#### AIM OF THE TASK
Ignoring the images, restate the records below word for word.

#### EXERCISE MATERIALS
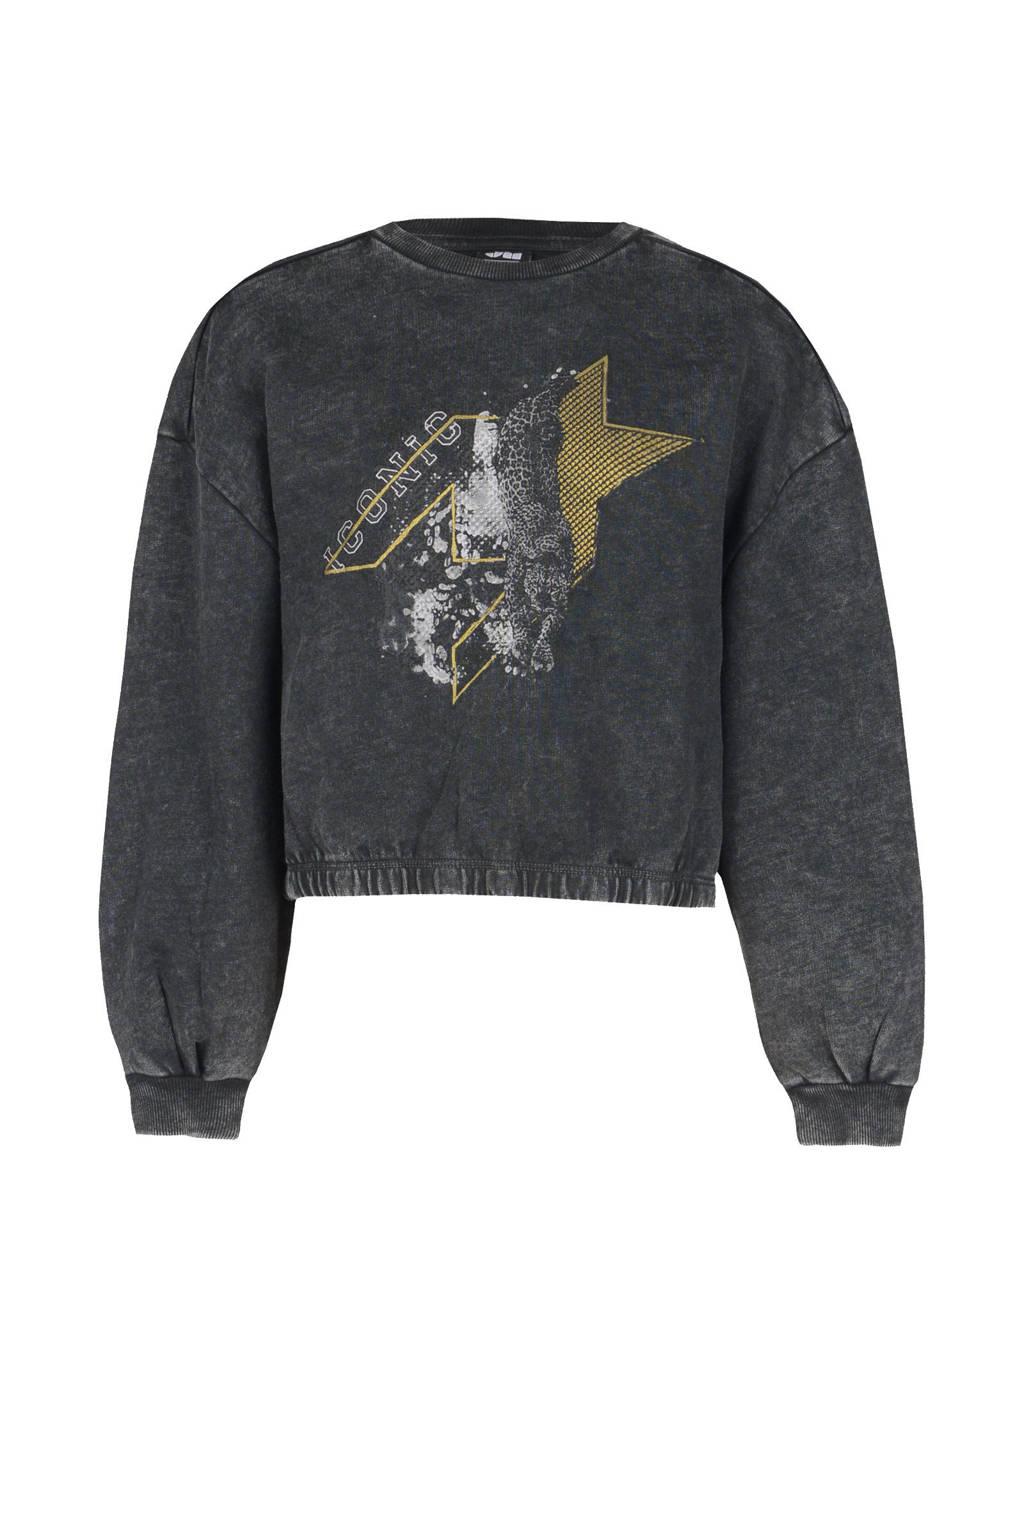 Shoeby Jill & Mitch sweater Layla met printopdruk antraciet, Antraciet
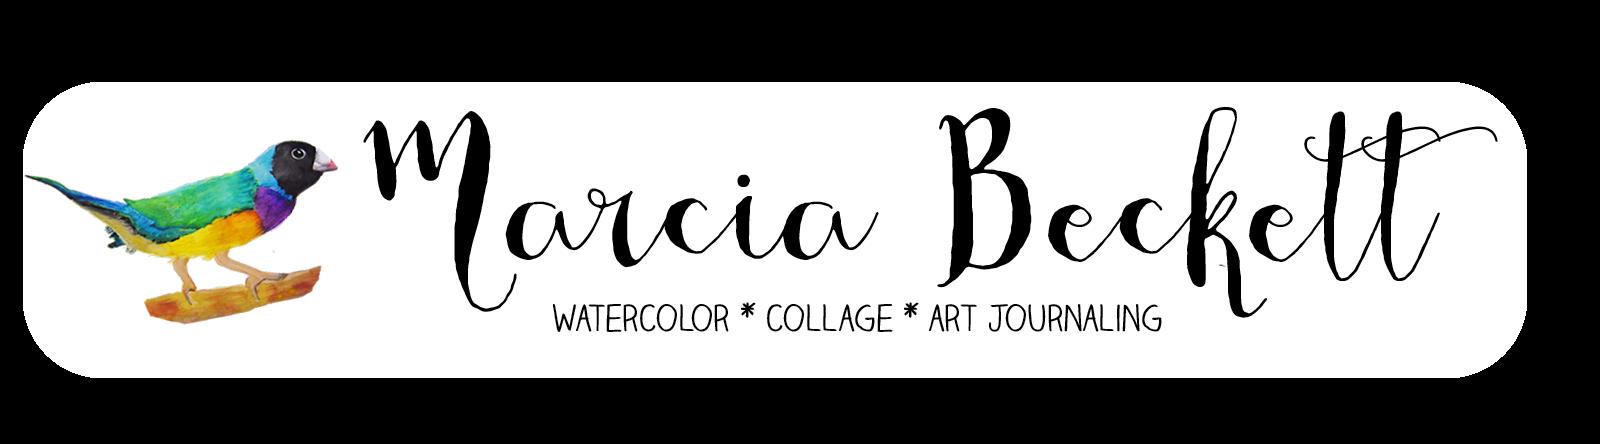 Marcia Beckett
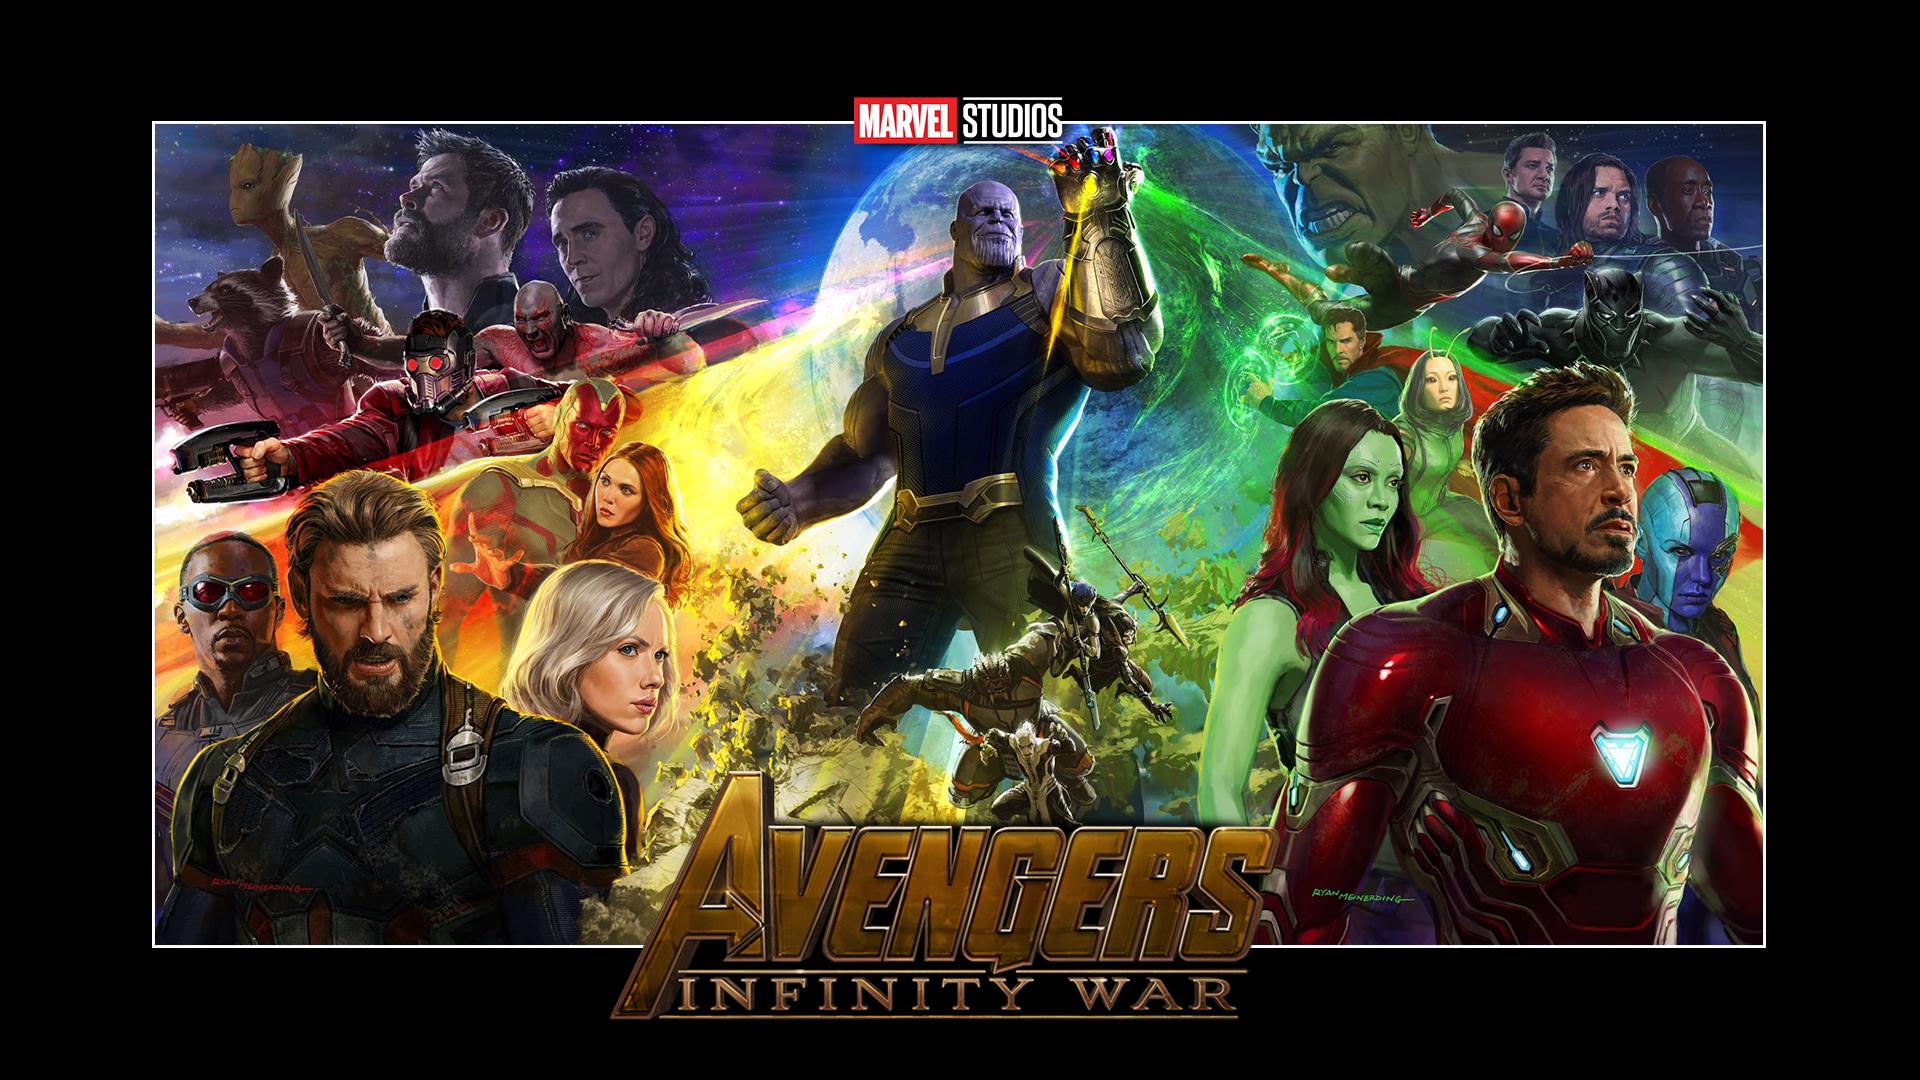 Home Decor Avengers Infinity War Avengers Endgame Stitching Desktop Wallpaper Poster 32x24 Home Garden Gefradis Fr
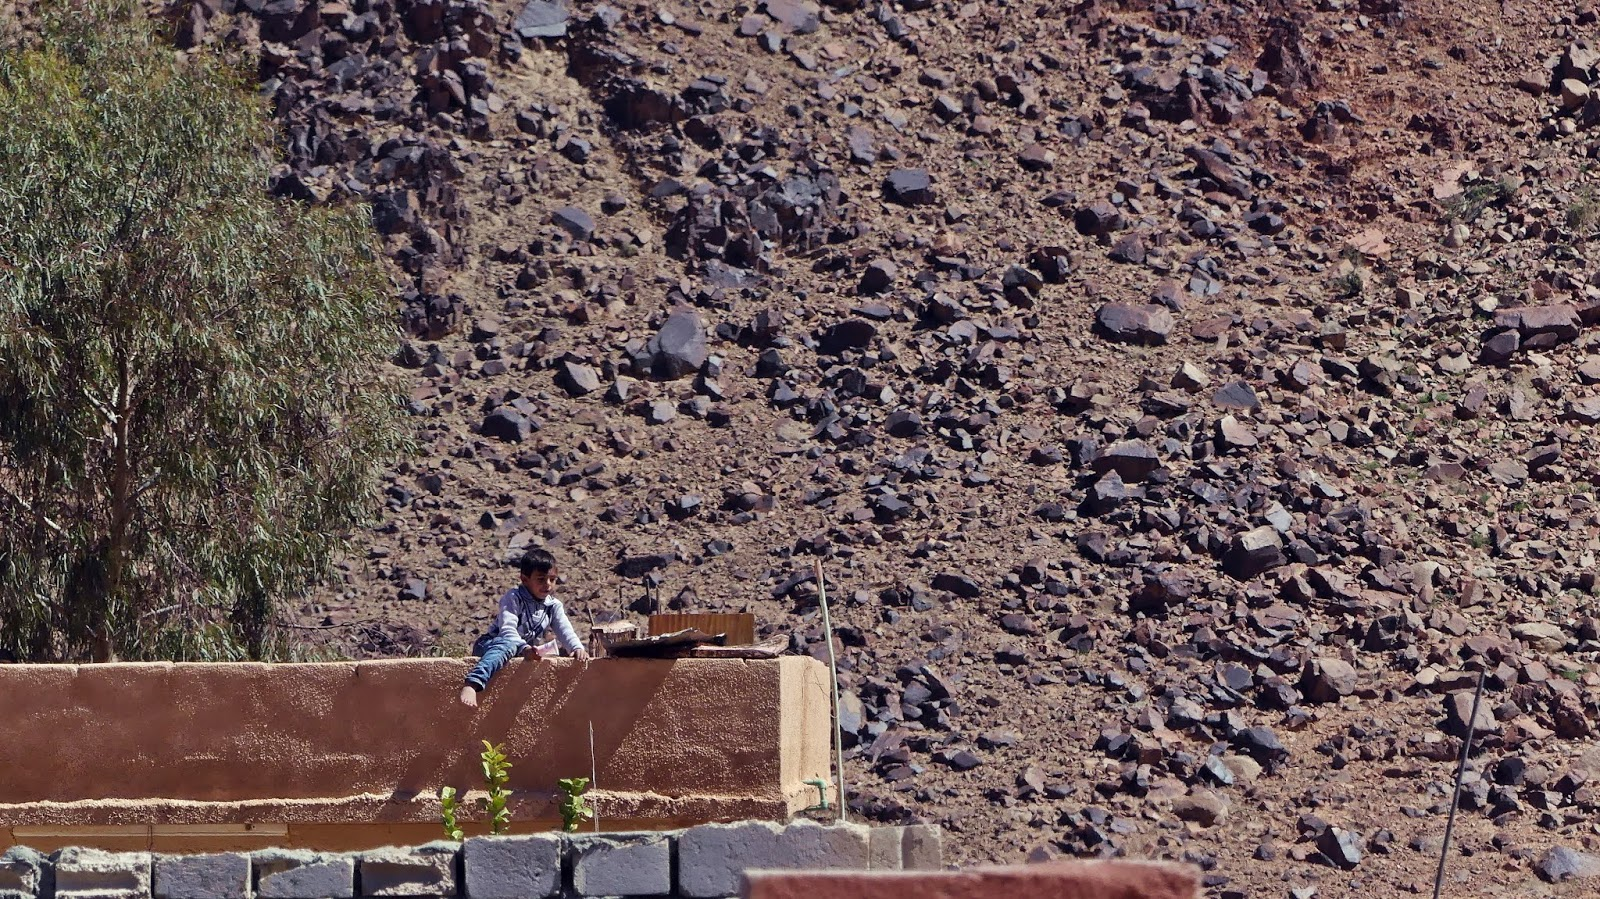 Jordania Wioska Wadi Rum dzieci
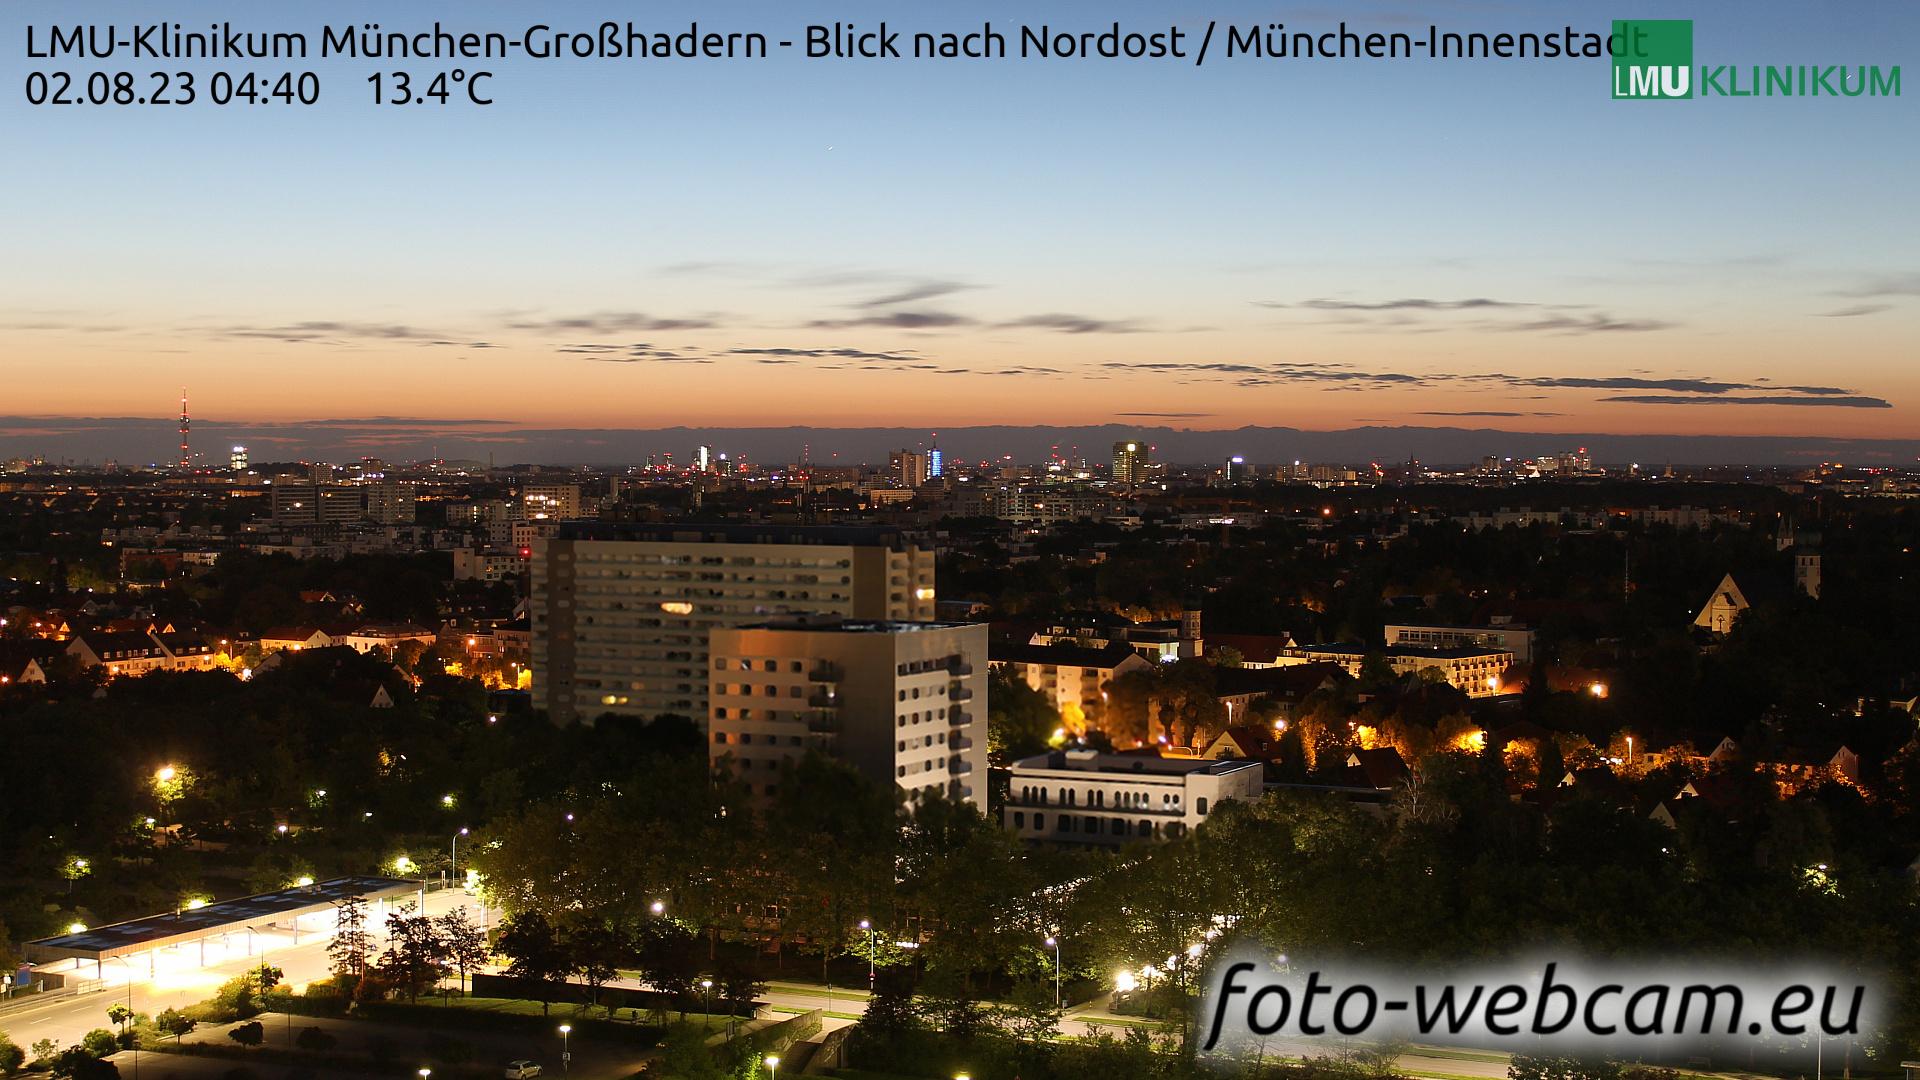 Munich Tue. 04:47

#### THE ANSWER
 Shoeby Jill & Mitch sweater Layla met printopdruk antraciet, Antraciet
 Marcia Beckett
 Home Decor Avengers Infinity War Avengers Endgame Stitching Desktop Wallpaper Poster 32x24 Home Garden Gefradis Fr
 Jordania Wioska Wadi Rum dzieci
 Munich Tue. 04:47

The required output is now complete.